Samsung nggak mungkin rilis HP tanpa teriak “AI”. Di S26 series ini, mereka ngejanjikan kapabilitas AI yang lebih dalam.
Kalau buat gue pribadi, AI di kamera itu pisau bermata dua. Di satu sisi, fitur kayak Generative Edit ngebantu banget buat ngilangin objek sampah di background (tukang parkir yang ngerusak estetika foto street, misalnya). Tapi di sisi lain, gue kadang ngerasa fotonya jadi terlalu “digital” dan ilang rasa organiknya.
Di S26 Ultra, processing AI-nya diklaim lebih pinter ngatur dynamic range dan noise reduction di kondisi ekstrem. Gue berharap sih Samsung nggak over-sharpening lagi kayak kasus di beberapa generasi awal S22/S23 Ultra. Biarin aja ada grain dikit, yang penting detailnya natural, Bos!
Kesimpulan: Untuk Siapa HP Ini?
Dari apa yang kita lihat sekarang, Galaxy S26+ itu upgrade yang solid buat kalian yang pengen layar gede, terang, dan tajem tanpa harus bawa “batu bata” seberat varian Ultra. Upgrade 3.000 nits itu deal maker buat orang lapangan.
Sedangkan Galaxy S26 Ultra, dengan harga segitu, dia memposisikan diri sebagai alat produktivitas dan privasi ultimate. Fitur Privacy Display itu unik dan (sejauh ini) belum ada lawan sepadan di pasar mainstream.

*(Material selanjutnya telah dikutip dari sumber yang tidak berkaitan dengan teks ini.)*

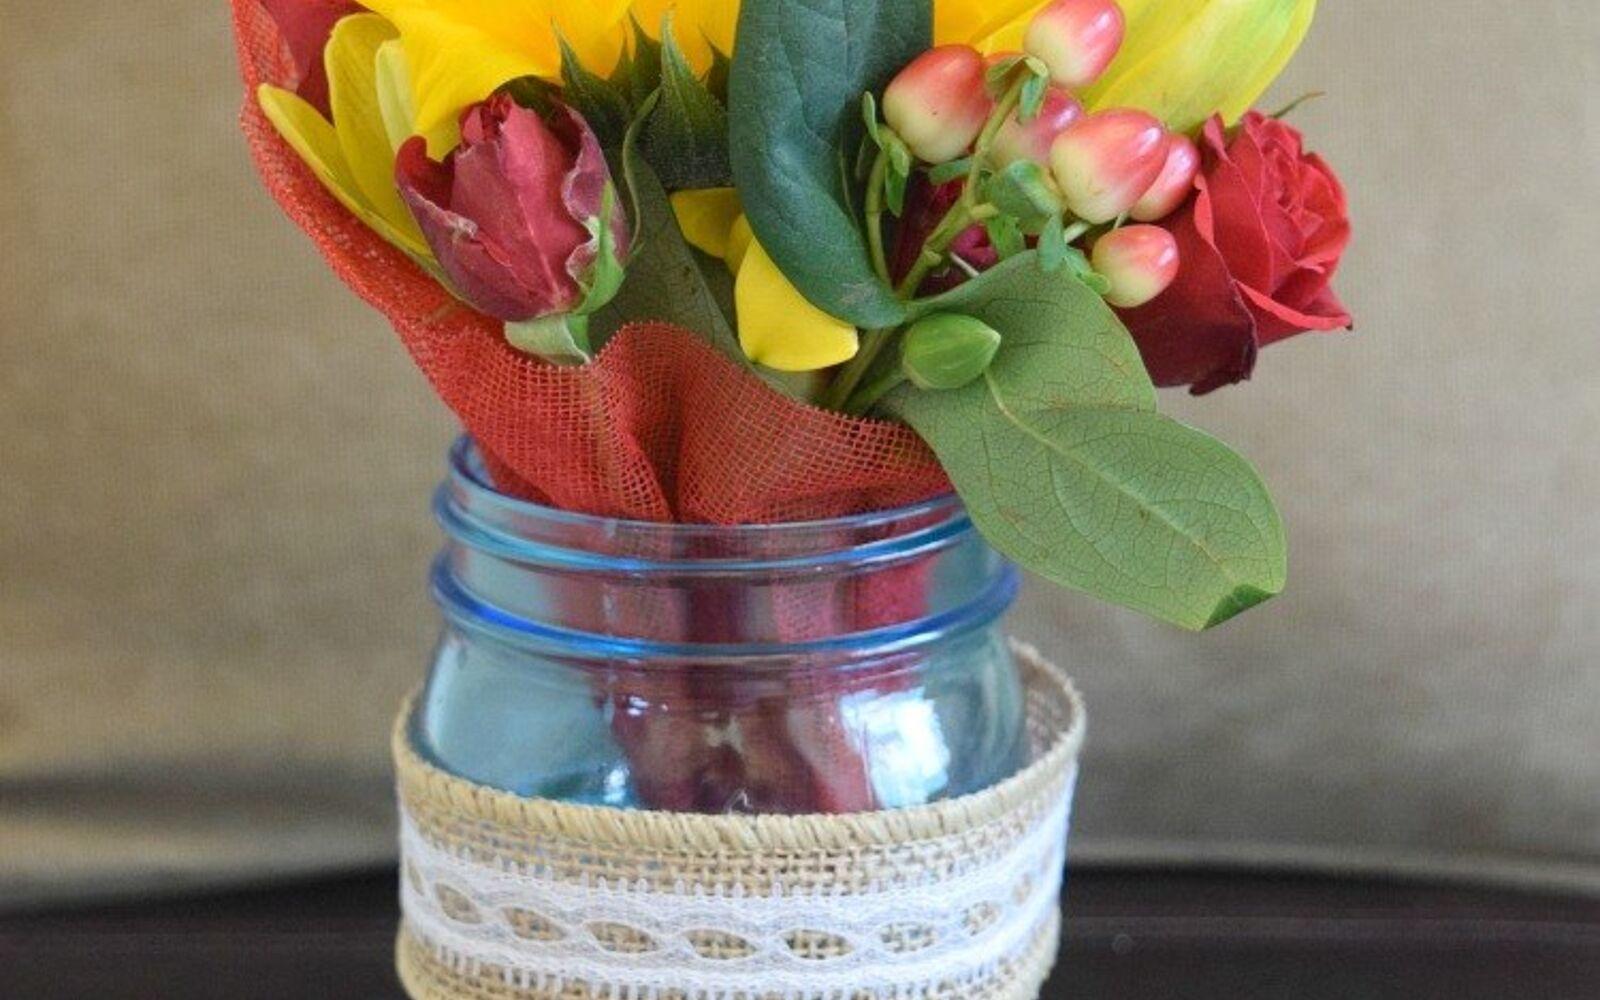 s 30 great mason jar ideas you have to try, Gorgeous Mason Jar Vase
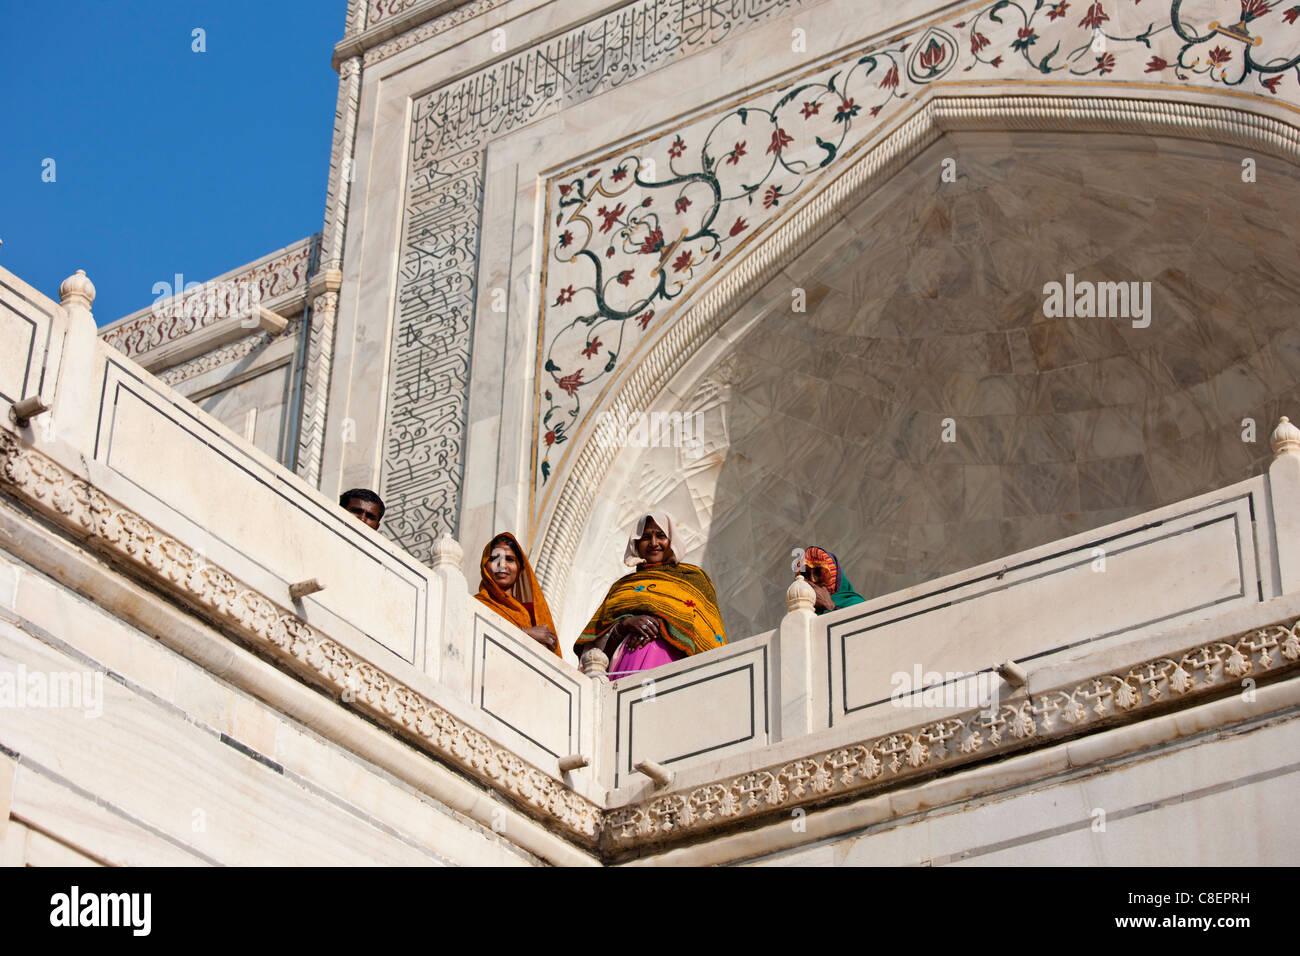 Indische Touristen am Taj Mahal-Mausoleum, Uttar Pradesh, Indien Stockbild

Buat pasar Indonesia, pertanyaannya cuma satu: Apakah bonus pre-order-nya menarik? Kita tau sendiri, orang kita (termasuk gue) kadang beli HP flagship bukan cuma karena speknya, tapi karena dapet TWS gratis, upgrade storage, atau cashback bank yang gila-gilaan.
Jadi, kalau kalian masih pake S23 Ultra atau S24+, gue rasa masih aman buat skip. Tapi kalau kalian masih bertahan dengan HP 3-4 tahun lalu dan tabungan udah siap dijebol, S26 Series ini nawarin refinement yang kerasa mewah.